Sulfonamides exert their antimicrobial effect by competitively inhibiting the enzyme dihydropteroate synthase, a crucial component in the bacterial folate production pathway.
This disruption of folate synthesis hinders the bacteria's ability to produce DNA and other essential cellular components, ultimately leading to their demise.
Research into the development and optimization of sulfonamide drugs is a pivotal area of pharmaceutical science.
Techniques such as XBridge C18 and Gemini C18 chromatography, as well as Mueller-Hinton agar and Etest methods, are commonly employed to evaluate the potency and efficacy of sulfonamide compounds.
Additionally, the use of other antimicrobial agents, like Ampicillin and Gentamicin, in combination with sulfonamides can enhance their therapeutic effects.
The PubCompare.ai platform can greatly enhance sulfonamide research by providing access to a wide range of protocols from literature, preprints, and patents, and facilitating AI-driven comparisons to identify the most effective approaches.
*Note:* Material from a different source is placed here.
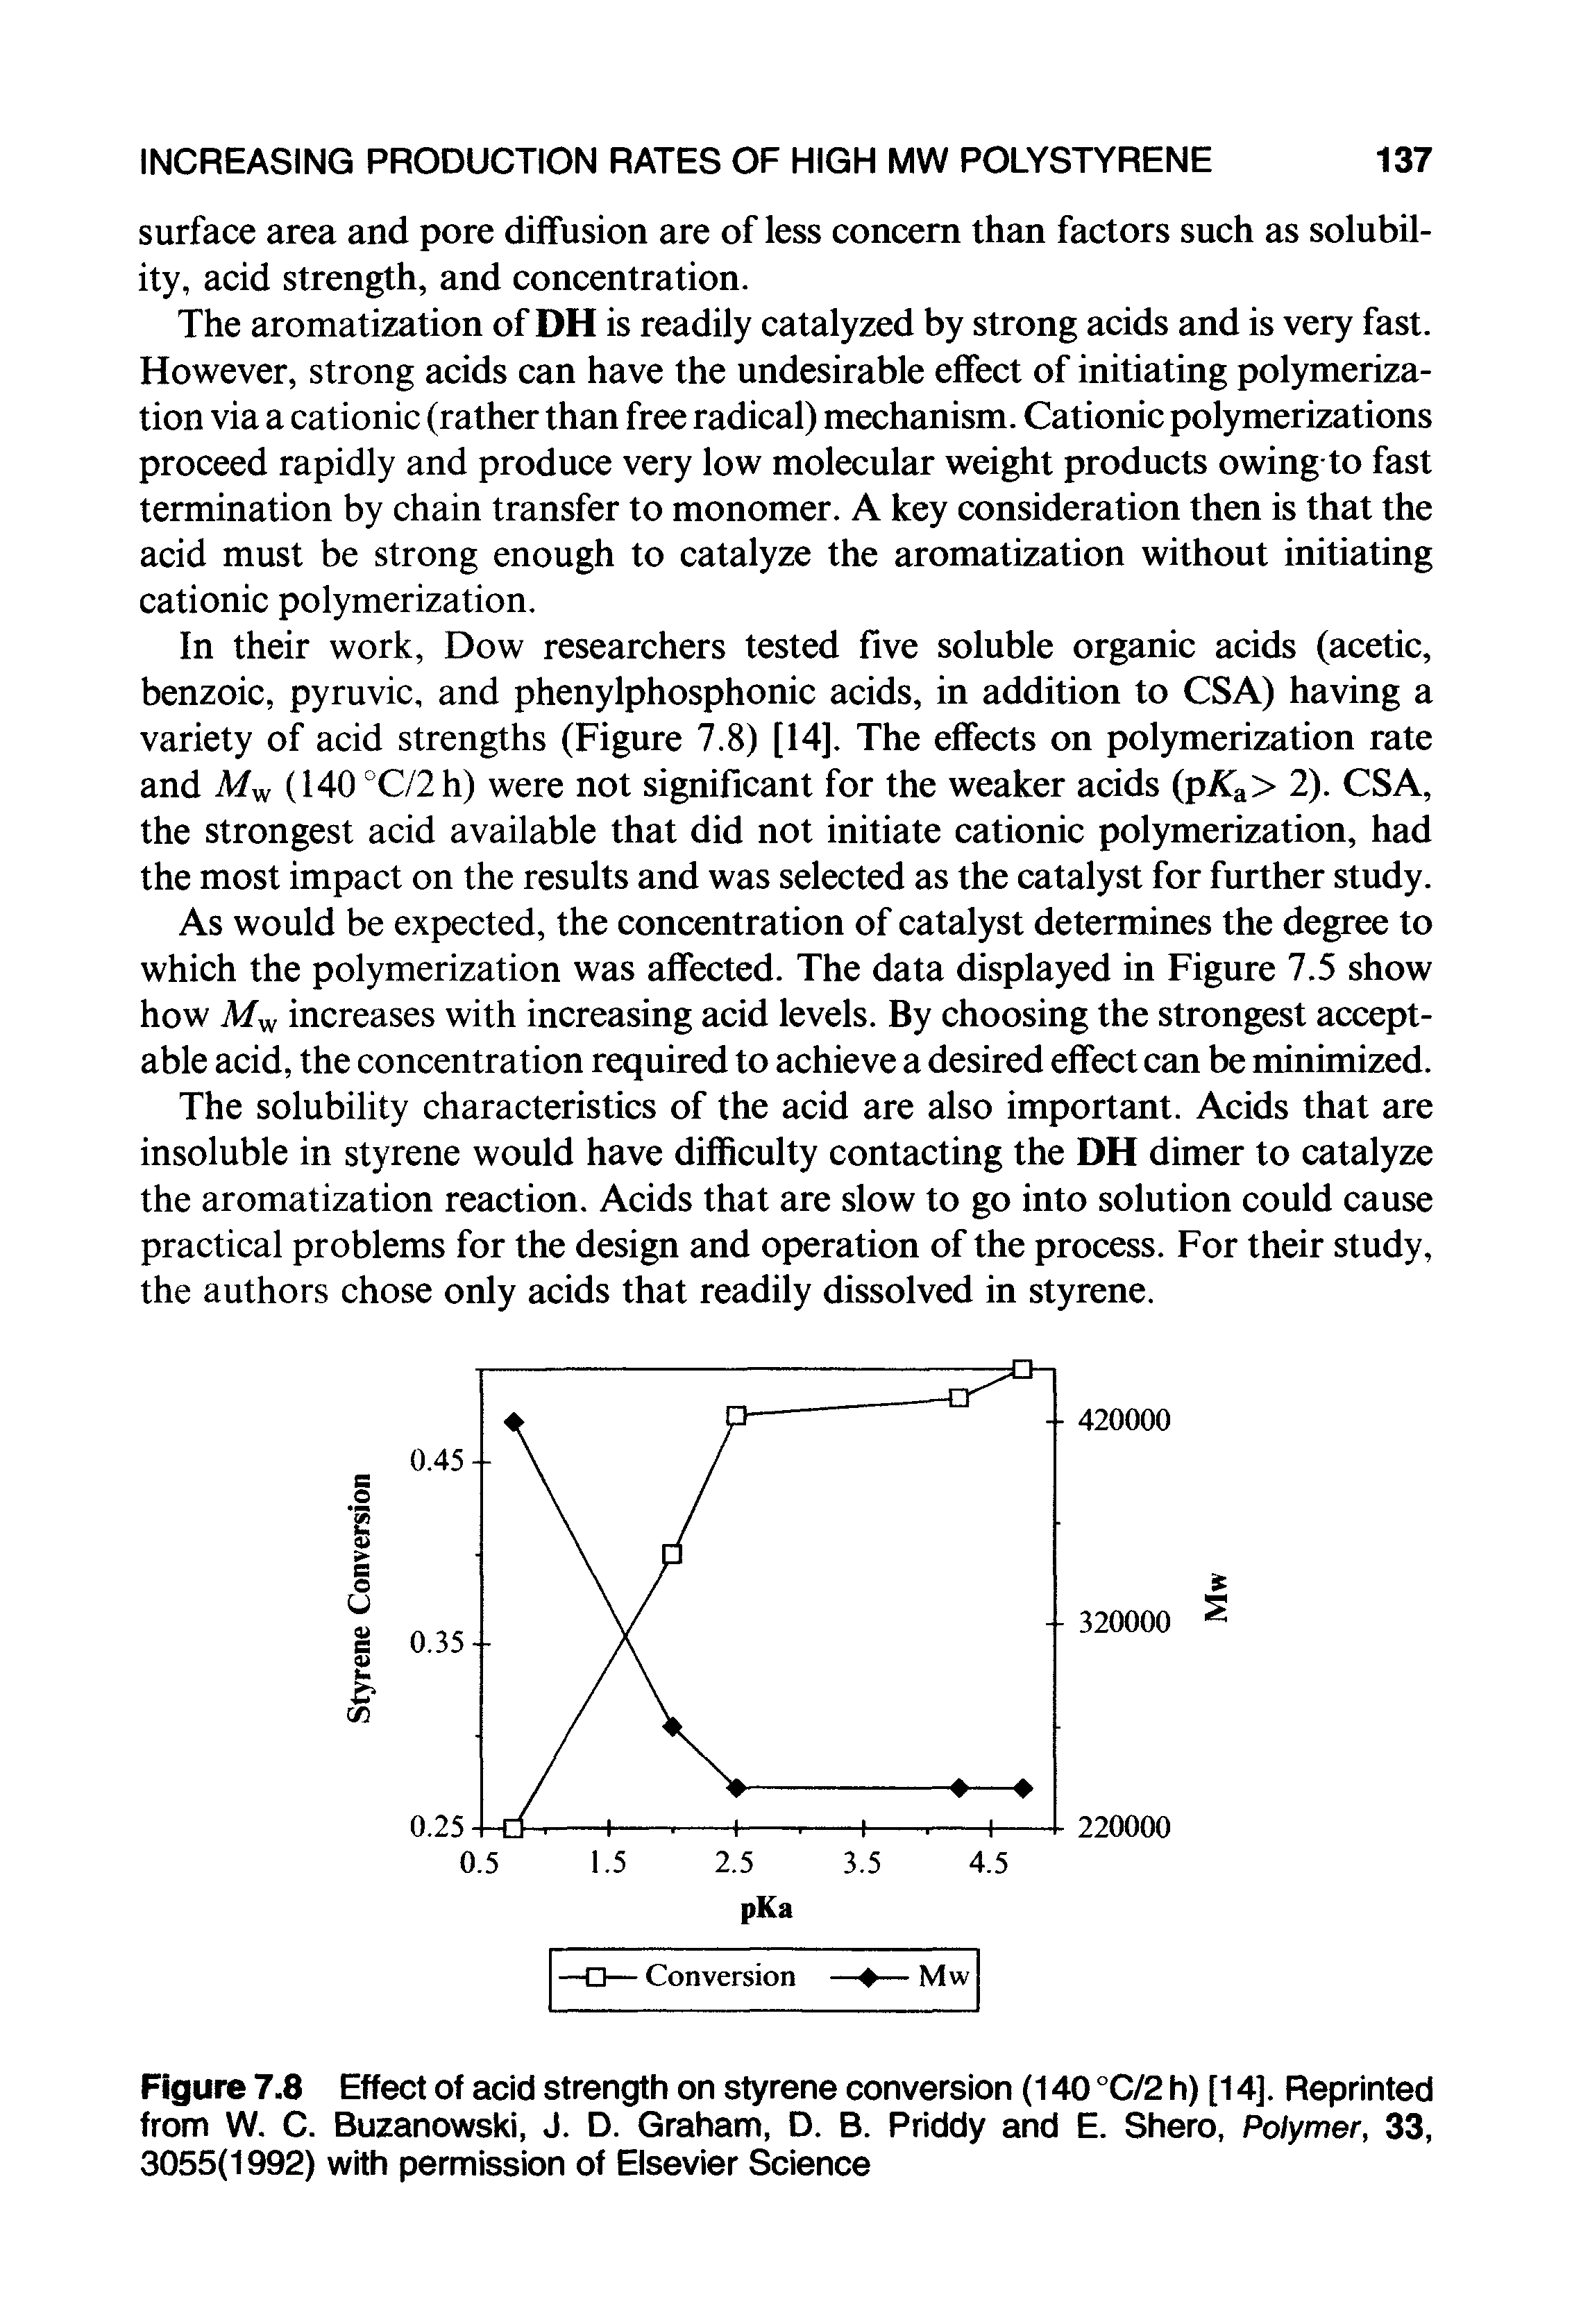 Figure 7.8 Effect of acid strength on styrene conversion (140 °C/2 h) [14]. Reprinted from W. C. Buzanowski, J. D. Graham, D. B. Priddy and E. Shero, Polymer, 33, 3055(1992) with permission of Elsevier Science...

This can lead to improved reproducibility, accuracy, and optimization of sulfonamide-based treatments, ultimately benefiting patient outcomes.
Furthermore, the incorporation of solvents like DMSO and compounds like Picrotoxin can play a crucial role in the development and evaluation of sulfonamide-based therapies.
By leveraging the insights and tools provided by PubCompare.ai, researchers can streamline their sulfonamide research and drive advancements in this important area of pharmaceutical science.